ARF like GTPase 4A pseudogene 1Genealiases: ARL4B · ARL4P
Q-omics provides the consensus-scored ARL4AP1 profile across patient tissues and cancer cell-line models. ARL4AP1 expression is associated with patient survival in 14 of 34 cancer types, with the highest sampling consensus in UCS. Among the 18 cancer types available for tumor–normal comparison, ARL4AP1 is differentially expressed in 3, with the highest sampling consensus in KICH. Additionally, ARL4AP1 protein abundance shows 28,346 significant protein co-abundance associations, with the highest sampling consensus in LSCC. Together, these results highlight UCS, KICH, and LSCC as cancer lineages where ARL4AP1 shows reproducible signals across survival, tumor–normal expression, and patient cross-omics analyses.
Every result is evaluated using two consensus scores. Sampling consensus measures how consistently a finding is reproduced within a cancer lineage across different conditions. Lineage consensus measures how broadly the result is shared across cancer types, distinguishing pan-cancer signals from lineage-specific patterns.
Premium analyses for ARL4AP1 — synthetic lethality, tumor antigen, and pembrolizumab response.
This table summarizes ARL4AP1 survival associations across molecular data types. ARL4AP1 RNA expression shows survival associations in the most cancer types (14), followed by mass-spec protein abundance (7). The rightmost column indicates the cancer type with the highest sampling consensus for each molecular layer.
This table ranks reproducible ARL4AP1 RNA expression–survival associations across cancer types. High ARL4AP1 expression shows unfavorable associations in UCS and CHOL, but favorable associations in ESCA, HNSC, OV and BRCA. The UCS Kaplan–Meier curve shows clear separation, with the high-expression group declining faster, consistent with the unfavorable association (log-rank p < 0.001). Together, the overview and detailed table identify UCS as the clearest survival context for ARL4AP1 RNA expression.
This table summarizes ARL4AP1 tumor–normal expression differences by data type. RNA shows broader differences across cancer types, with a lineage consensus of 3, while mass-spec protein shows differences in 7. The strongest signals are observed in KICH for RNA and CCRCC for protein.
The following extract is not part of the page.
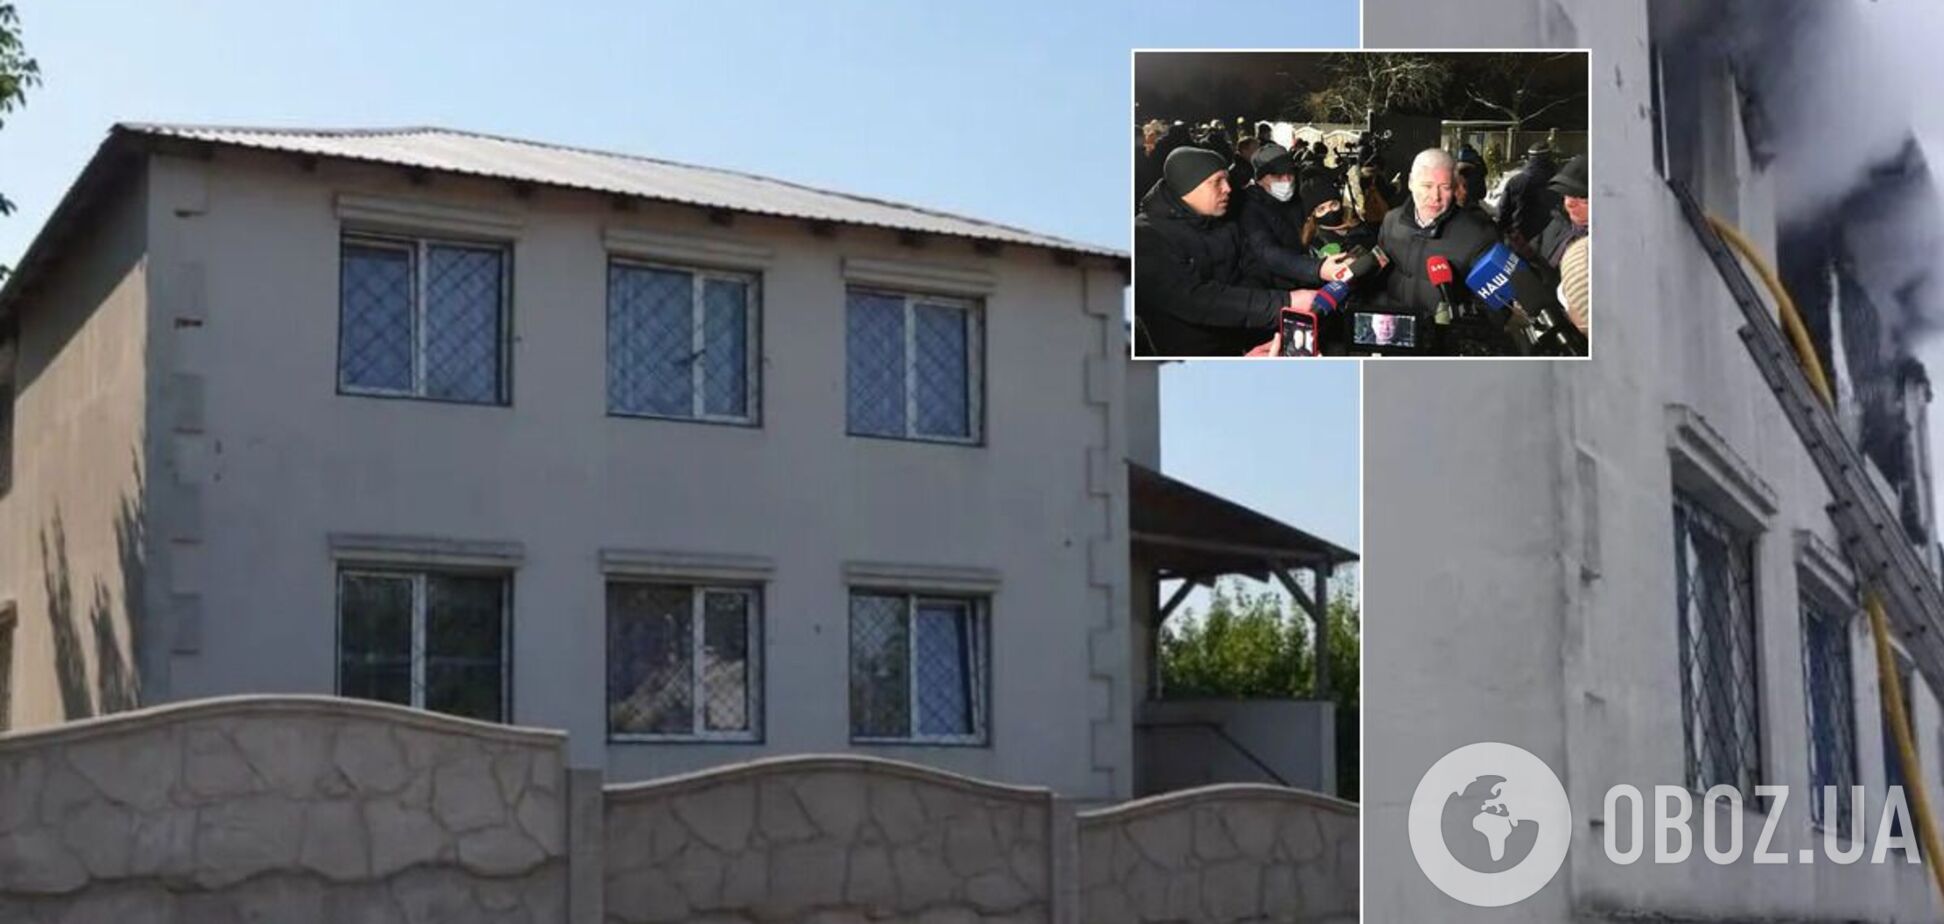 Дом престарелых в Харькове работал нелегально: названа возможная причина пожара
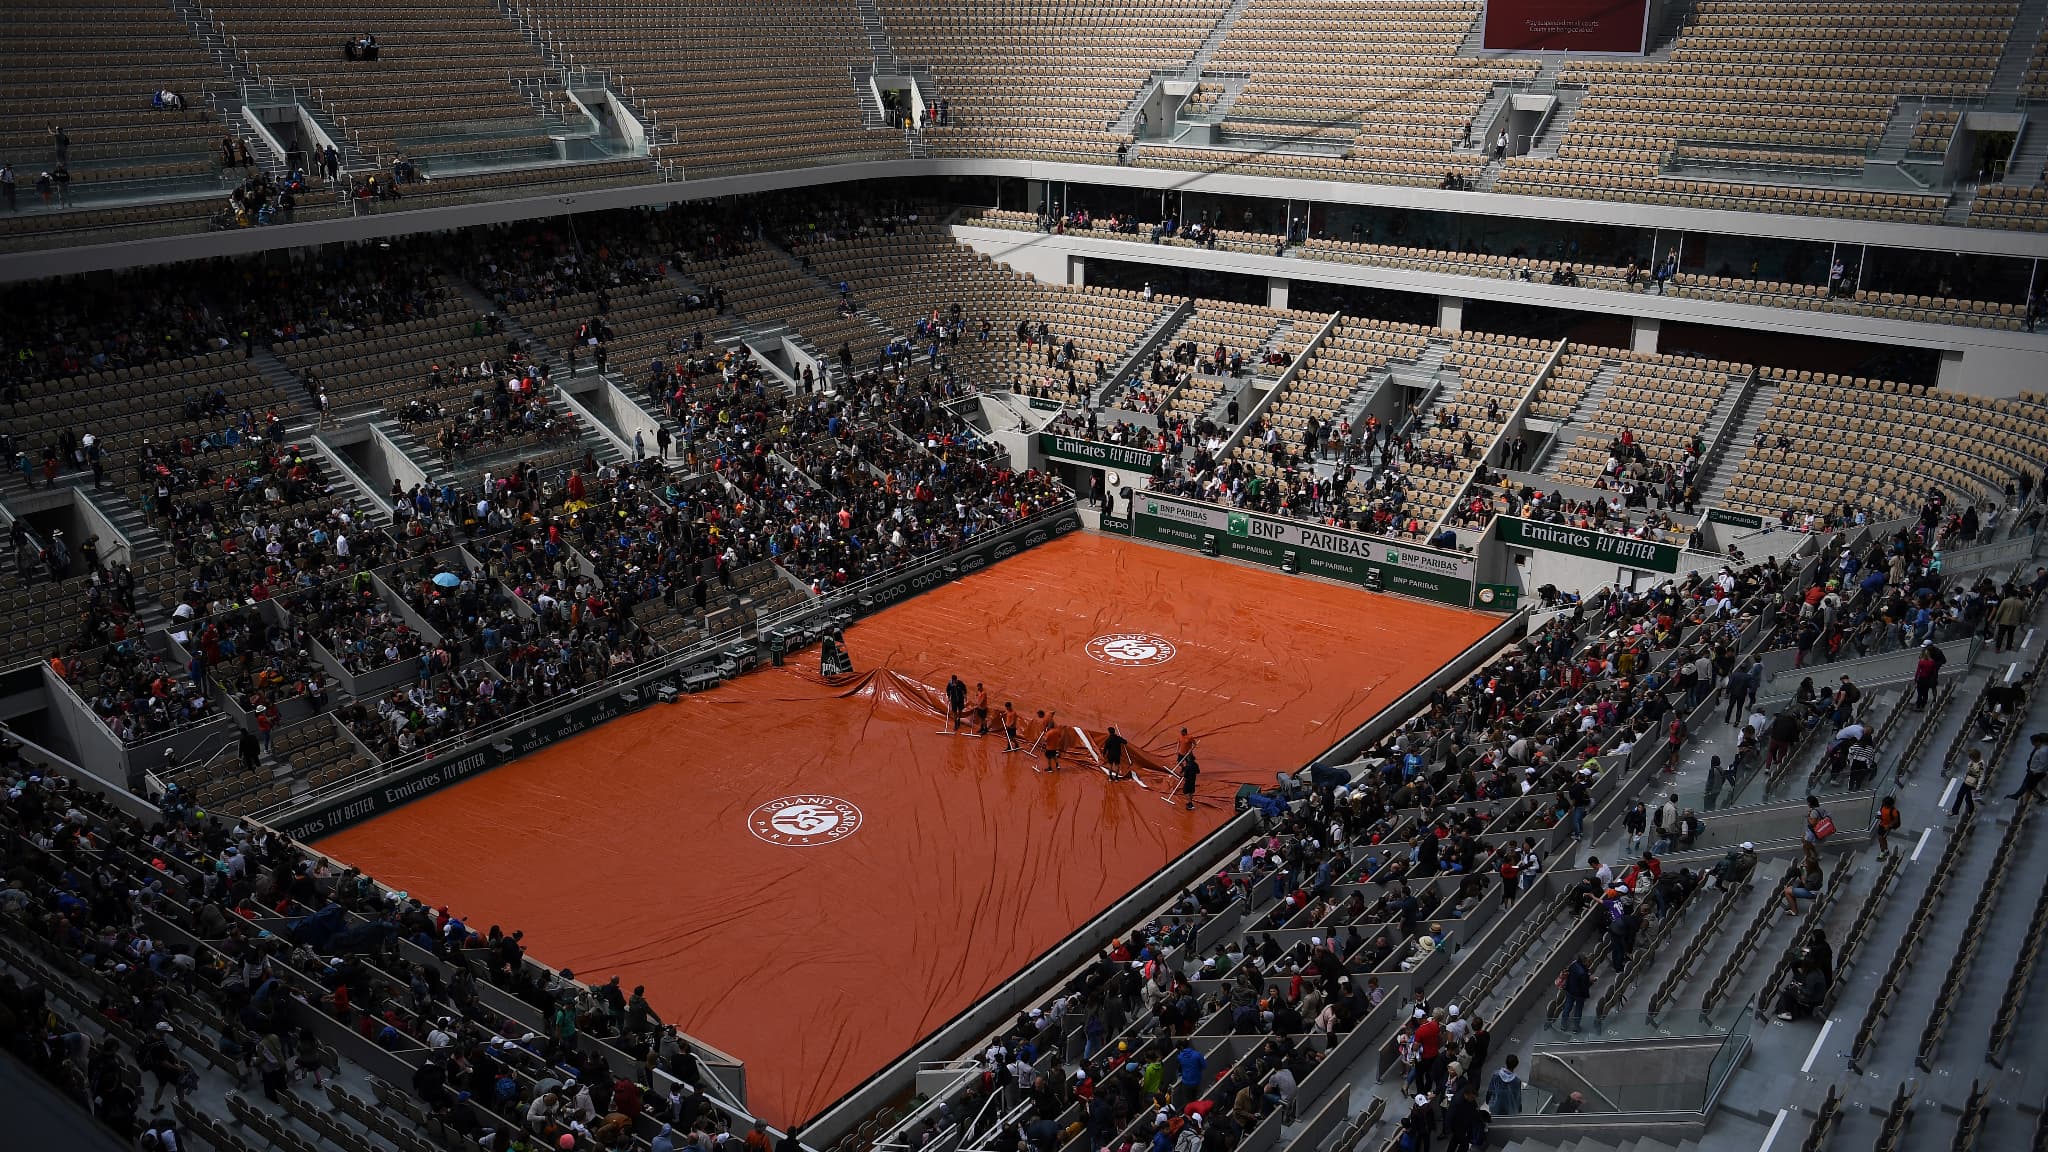 Roland-Garros: la billetterie ouverte mais limitée, qui a droit aux

This table ranks reproducible tumor–normal expression differences for ARL4AP1. A negative fold-change indicates higher expression in normal tissue than in tumor tissue. ARL4AP1 shows lower tumor expression in KICH and higher tumor expression in BRCA and STAD. The KICH box plot shows higher ARL4AP1 RNA expression in normal versus tumor tissue (log2 FC = −0.034, t-test p = .010).
This table shows molecular features associated with ARL4AP1 in patient tissues and cancer cell lines. In patient samples, ARL4AP1 shows the broadest associations at the RNA and protein expression levels, with LSCC recurring as the lineage with the largest associated feature set.